*** Stored data ***

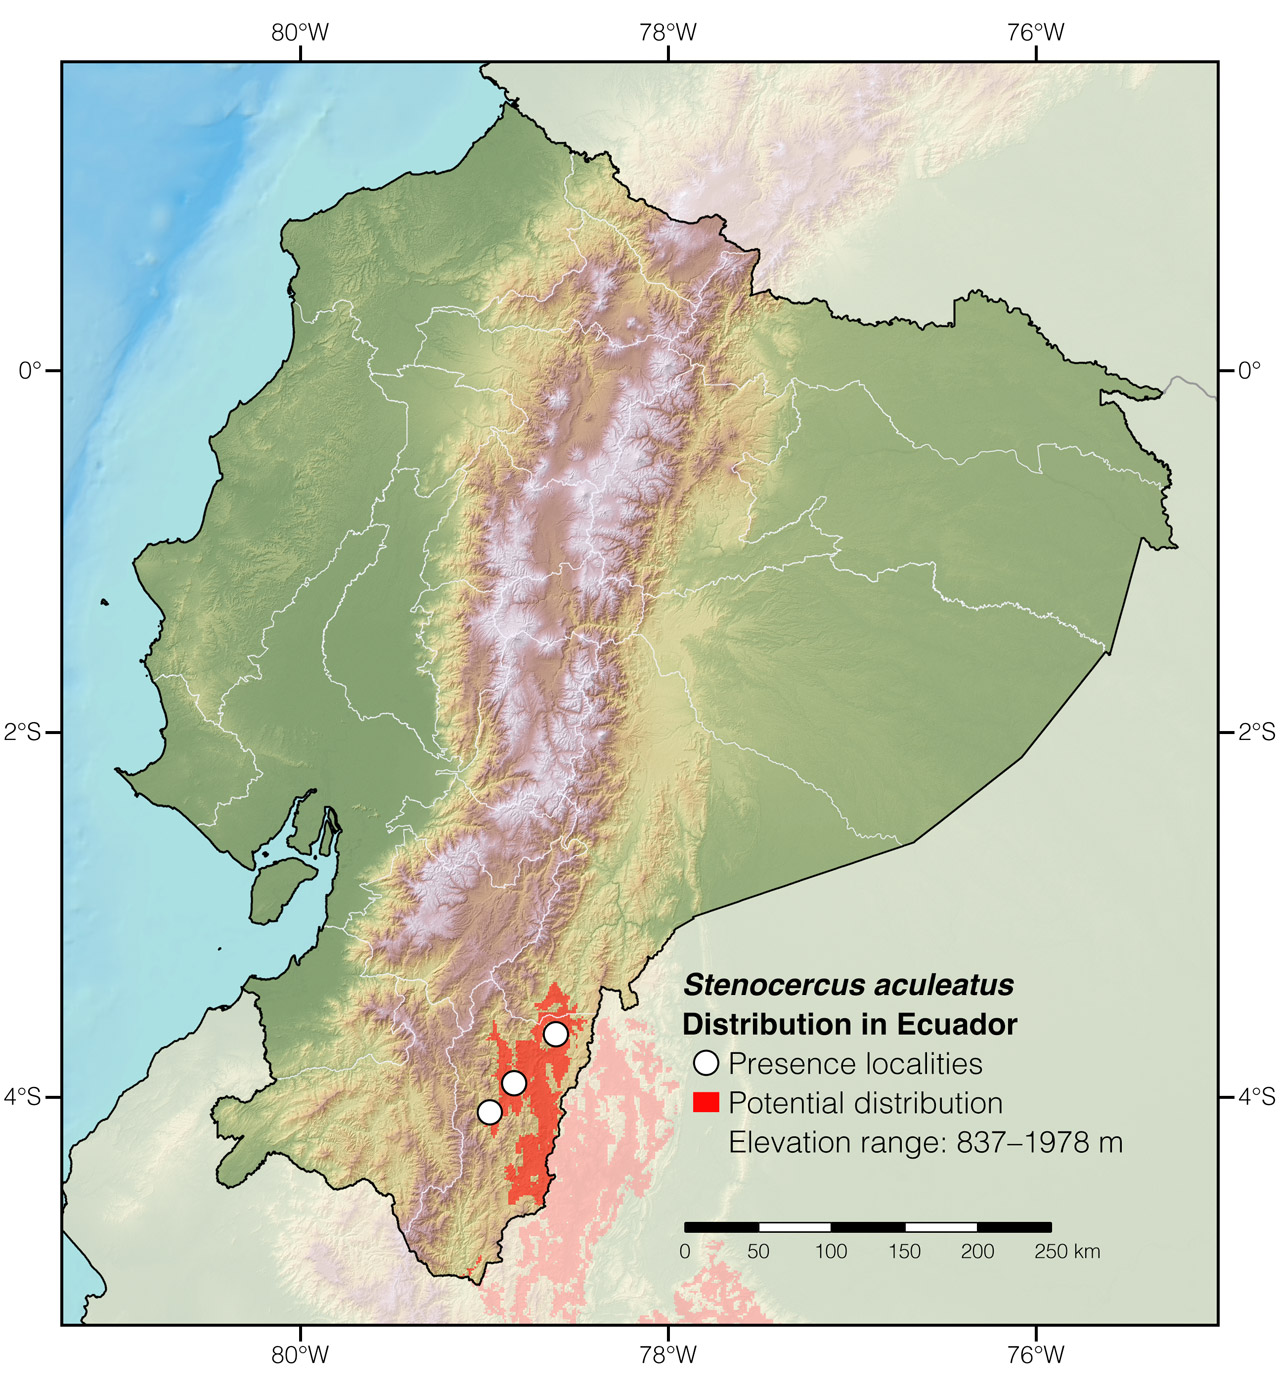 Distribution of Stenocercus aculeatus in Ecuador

*** End of Stored data ***
*** Stored data ***

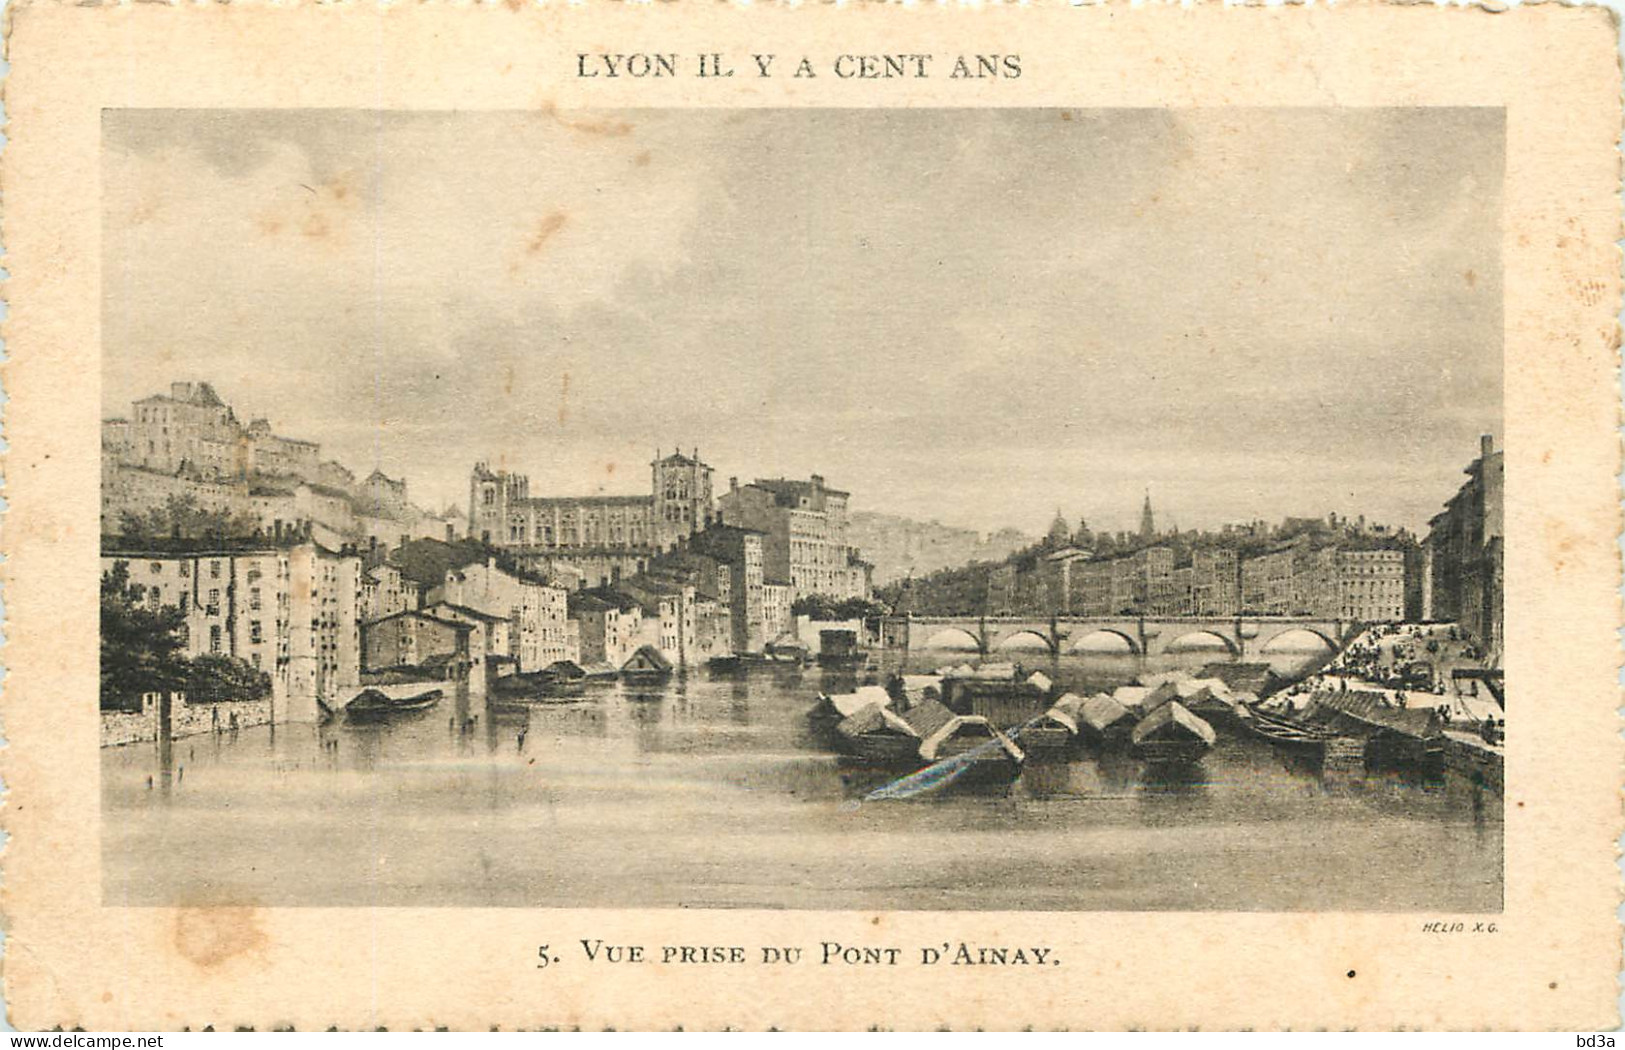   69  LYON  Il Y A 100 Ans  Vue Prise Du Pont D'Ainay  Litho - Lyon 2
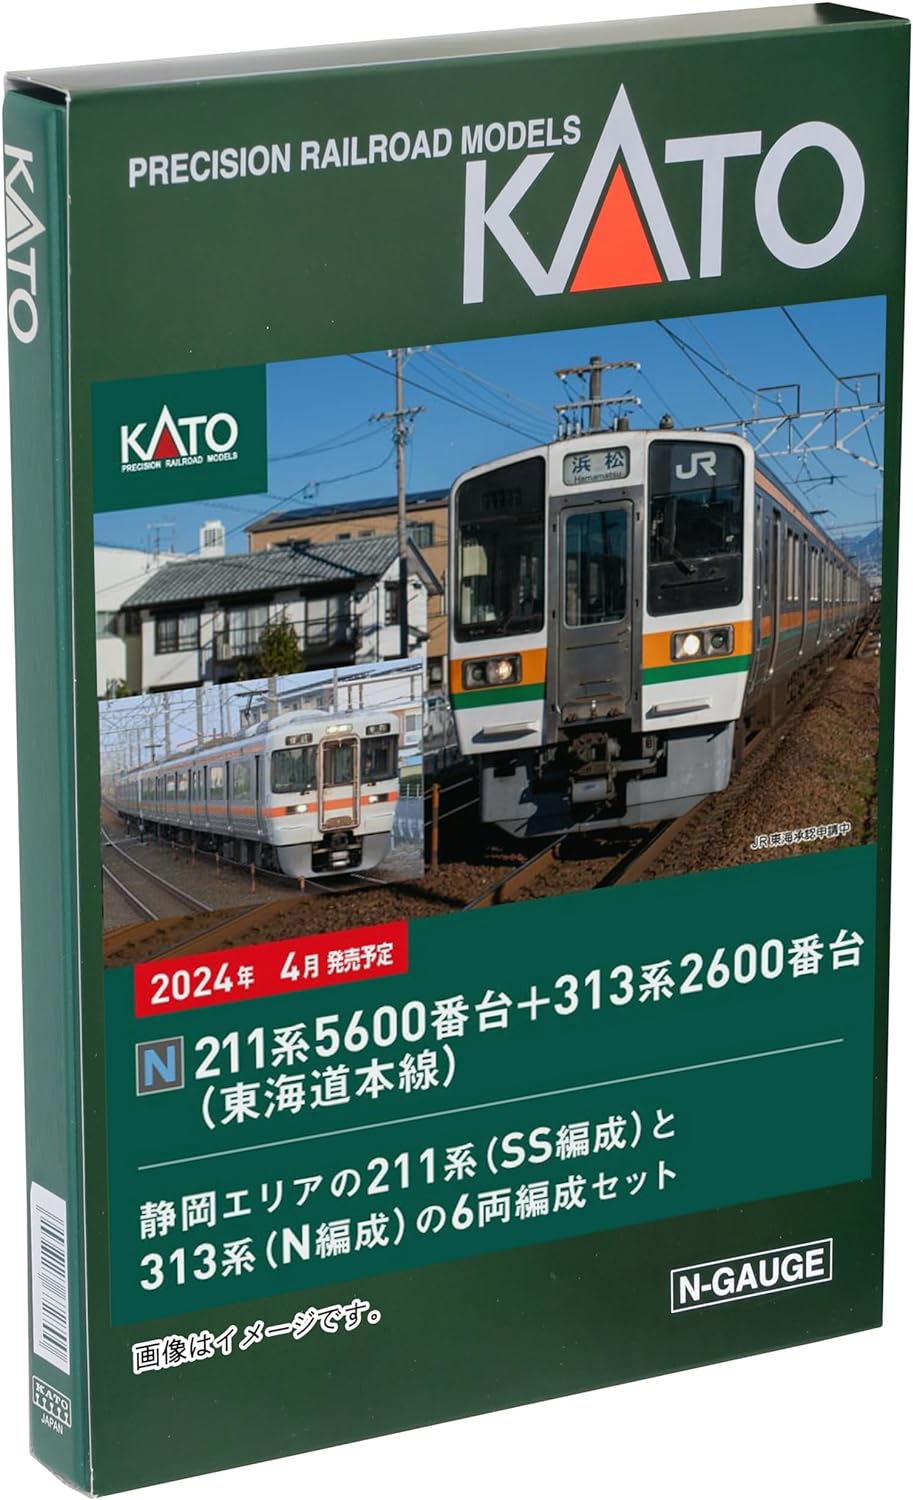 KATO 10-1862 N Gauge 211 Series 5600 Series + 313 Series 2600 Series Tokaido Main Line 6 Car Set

*** End of Stored data ***
*** Stored data ***

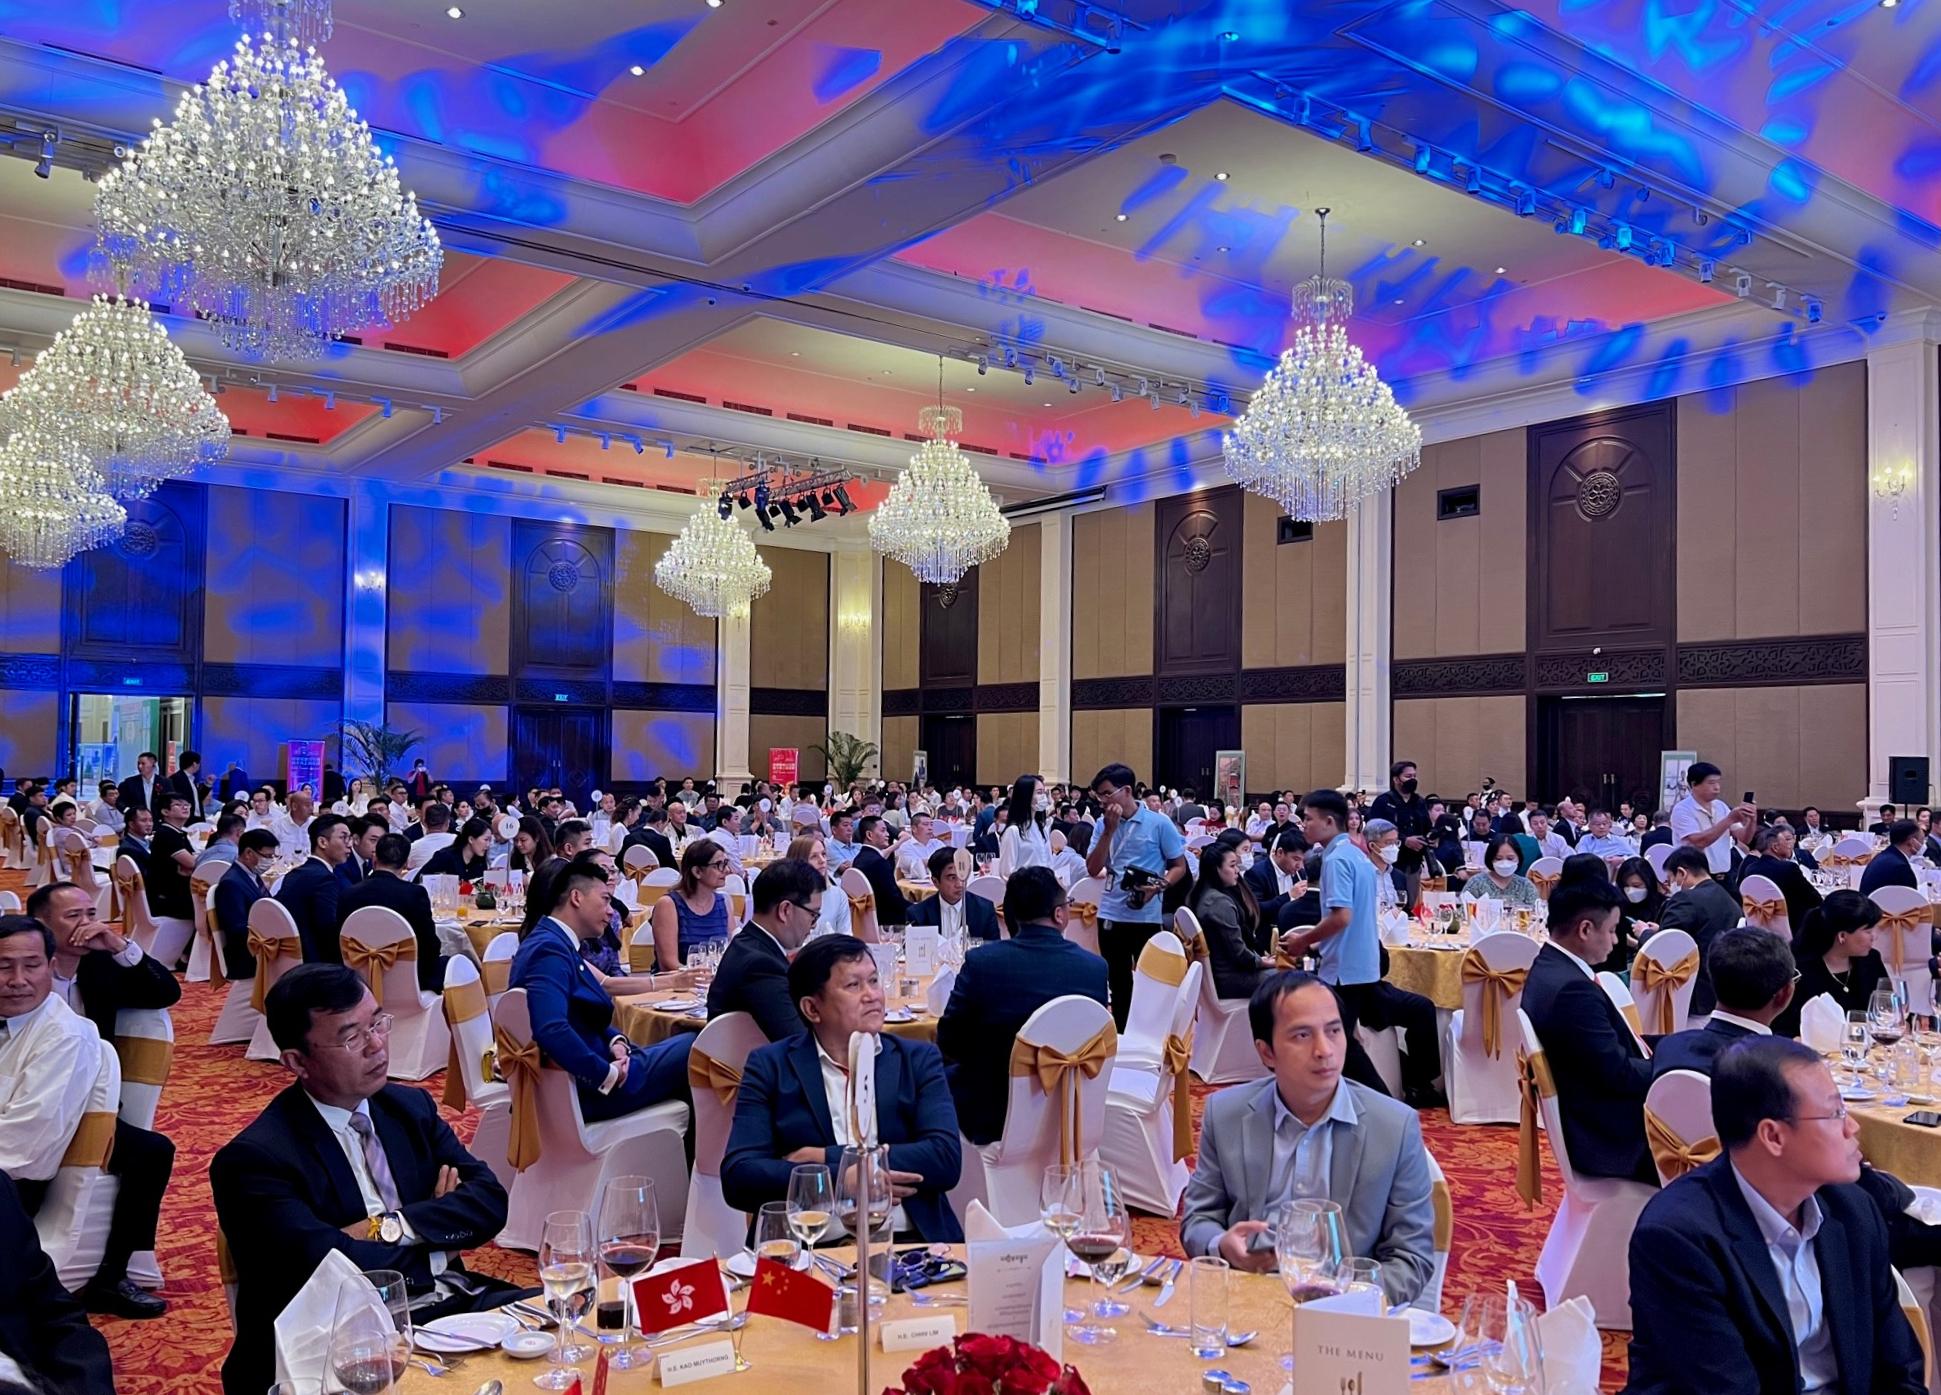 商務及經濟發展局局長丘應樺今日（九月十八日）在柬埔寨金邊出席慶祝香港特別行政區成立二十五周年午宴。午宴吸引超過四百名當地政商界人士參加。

*** End of Stored data ***

Task brief —
Whatever pictures the records hold, omit them; give again exactly the lines from the one containing "Litho - Lyon 2" through the one containing "KATO 10-1862 N".

Problem solution —
   69  LYON  Il Y A 100 Ans  Vue Prise Du Pont D'Ainay  Litho - Lyon 2
 KATO 10-1862 N Gauge 211 Series 5600 Series + 313 Series 2600 Series Tokaido Main Line 6 Car Set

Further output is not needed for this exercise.